## WHAT THE TASK ASKS
From the data below, please reproduce exactly everything from the line that contains "Book My father Leonid Zhabotinsky - PDF" down to the line that contains "Majesda® - Tie", with both ends included.

## DATA PROVIDED
/---

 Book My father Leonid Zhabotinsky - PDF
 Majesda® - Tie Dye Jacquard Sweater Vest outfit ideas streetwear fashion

\---
/---

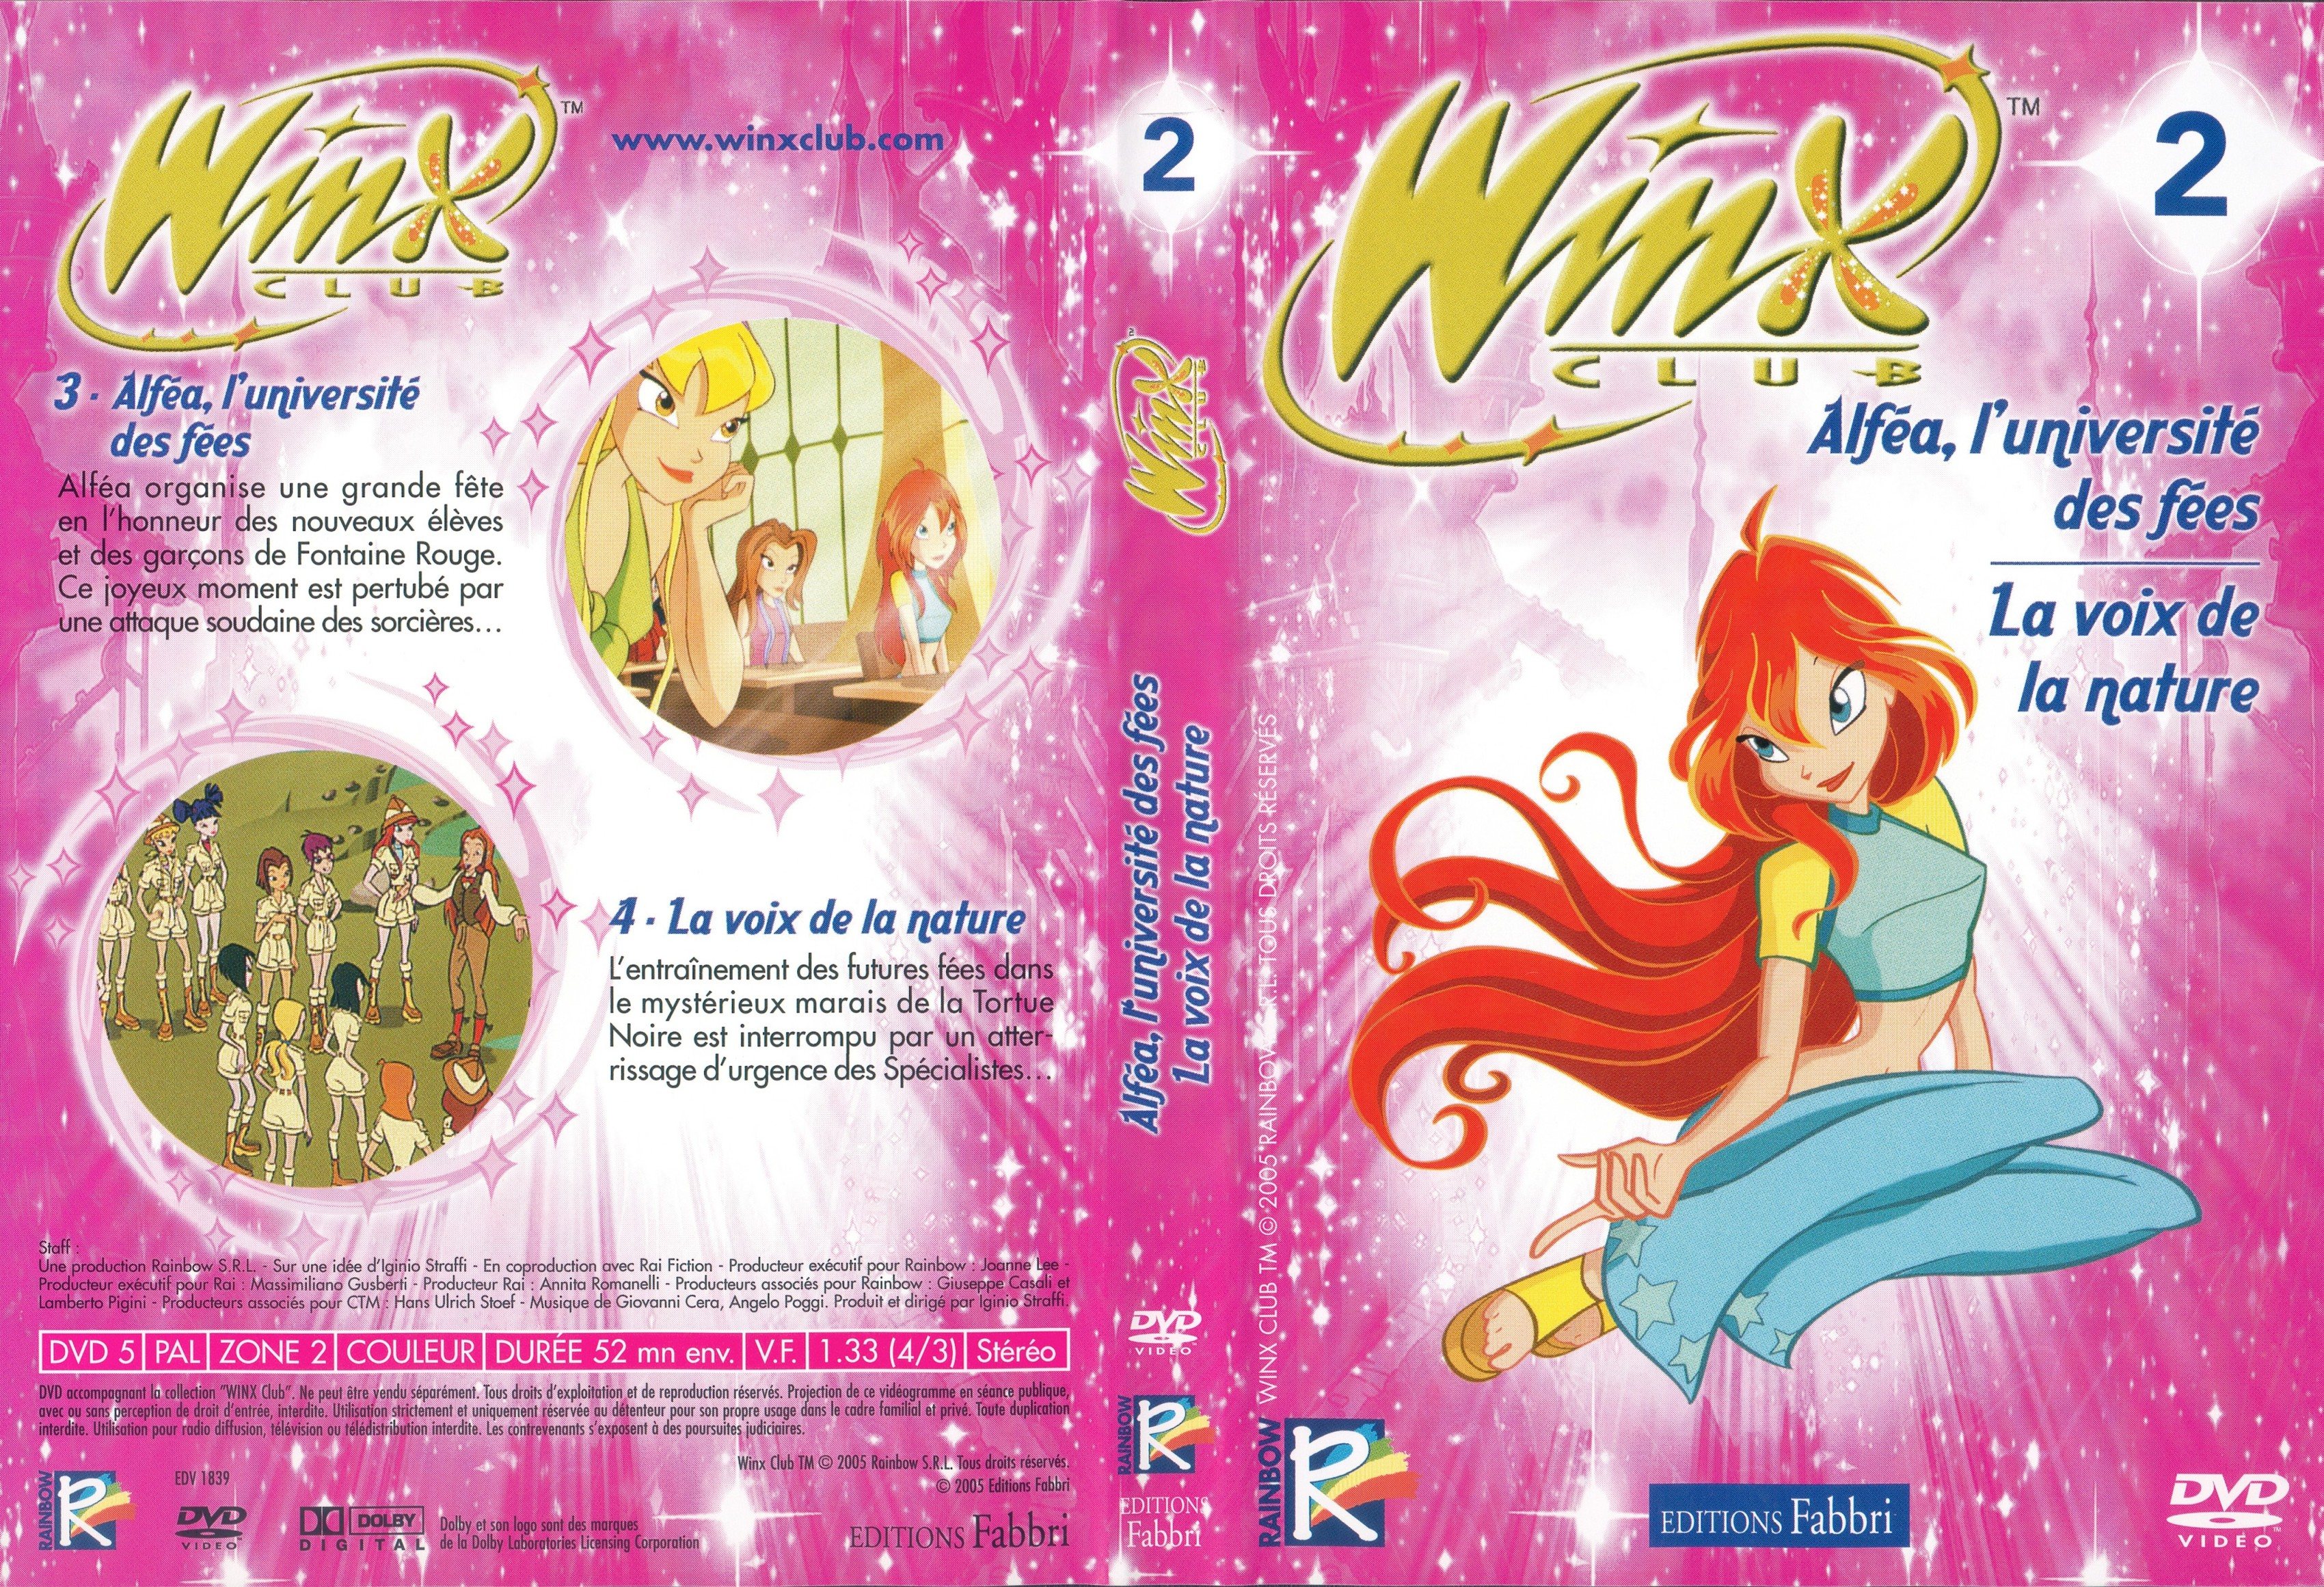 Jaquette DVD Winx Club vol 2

\---

## TASK SOLUTION
 Book My father Leonid Zhabotinsky - PDF
 Majesda® - Tie Dye Jacquard Sweater Vest outfit ideas streetwear fashion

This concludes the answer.